Assignment
Begin at the line below that has "A Grocery Store In Vancouver, 1940s". Stop after the line that has "Red Fractured Swim Trunks", repeating each line exactly and leaving out the pictures.

Data under study
▬▬▬

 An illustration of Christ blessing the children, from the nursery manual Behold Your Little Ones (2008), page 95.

▬▬▬

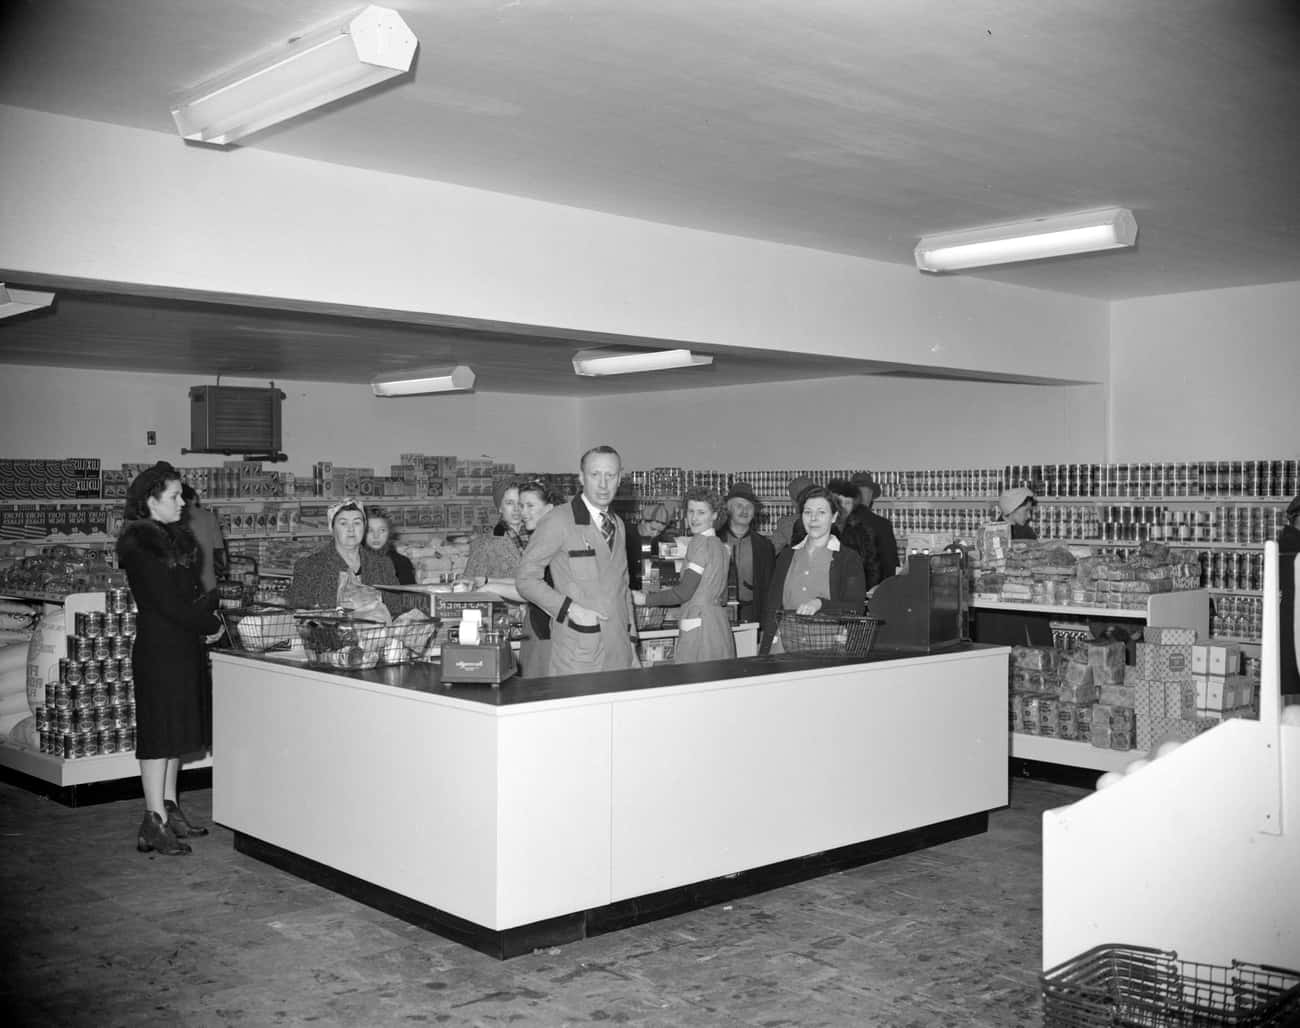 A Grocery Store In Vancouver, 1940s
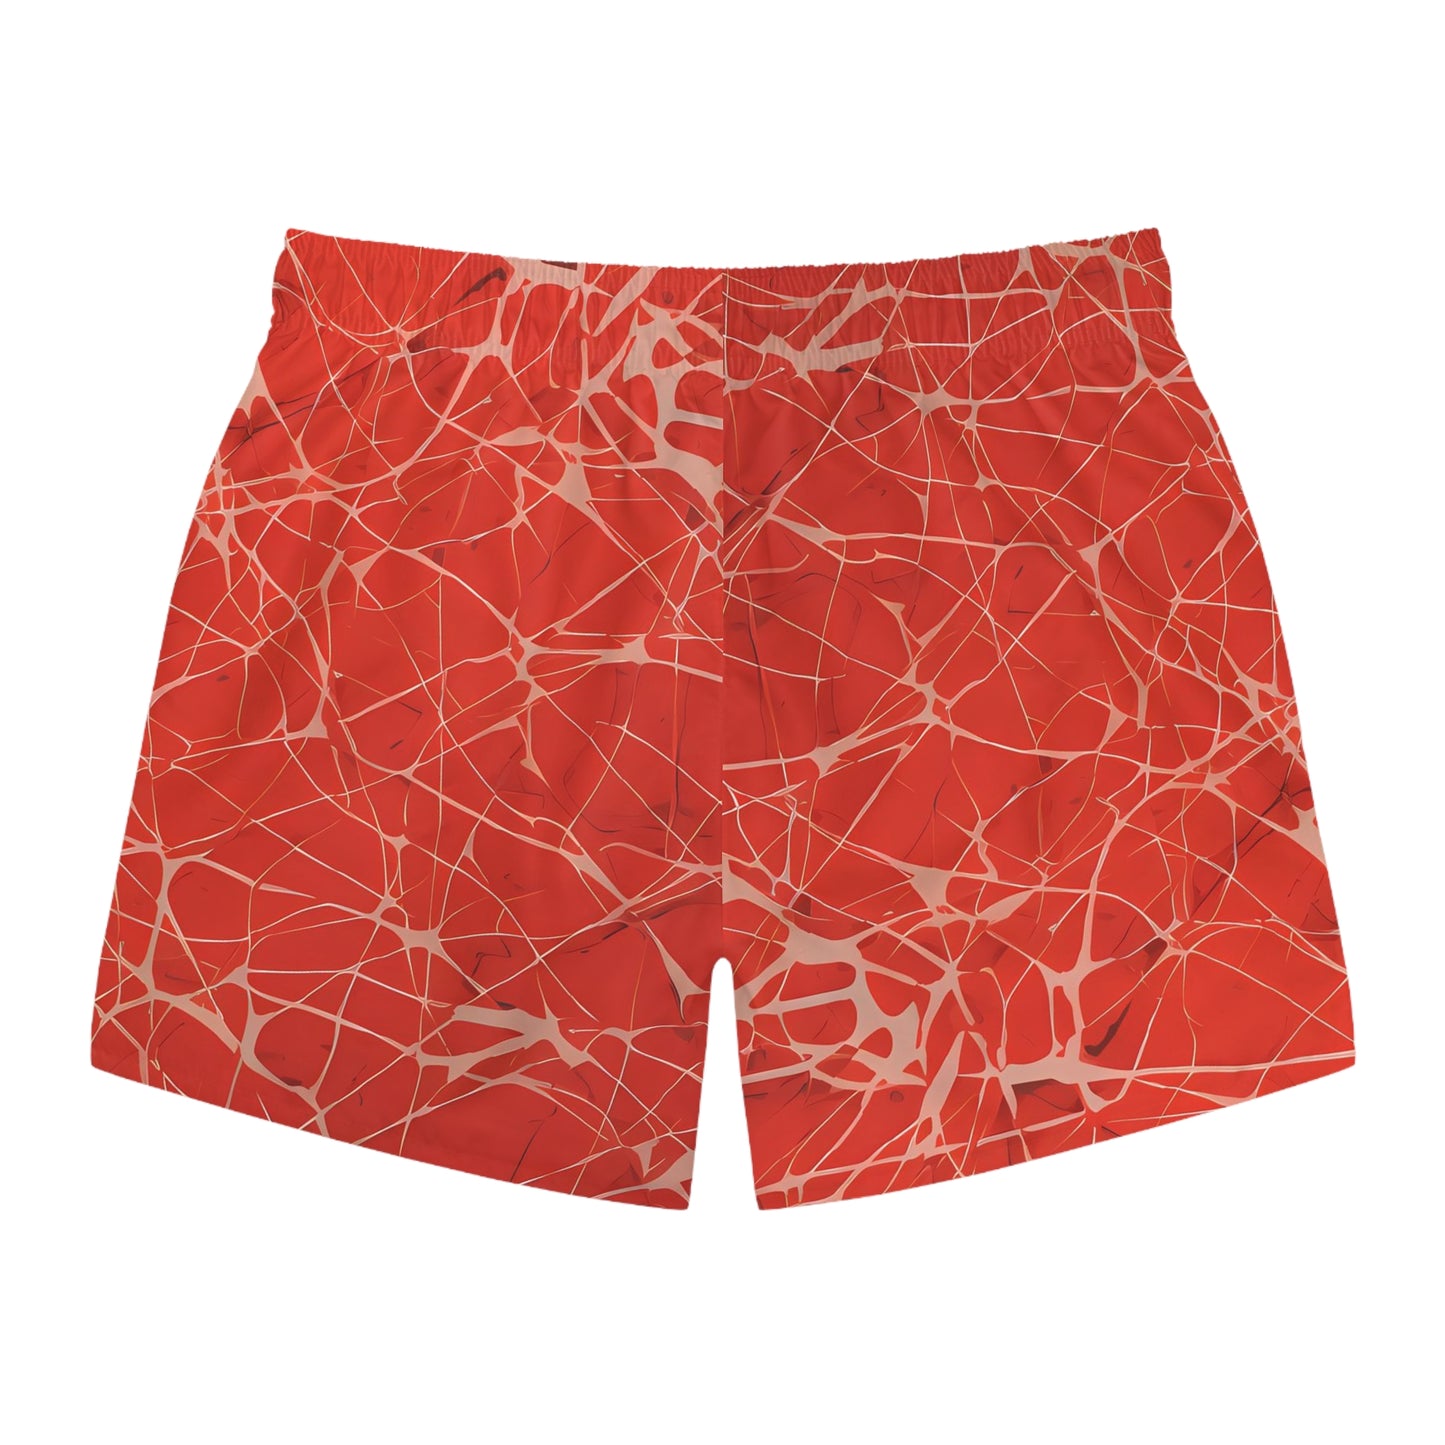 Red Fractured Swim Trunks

▬▬▬

Answer to this task
 A Grocery Store In Vancouver, 1940s
 Red Fractured Swim Trunks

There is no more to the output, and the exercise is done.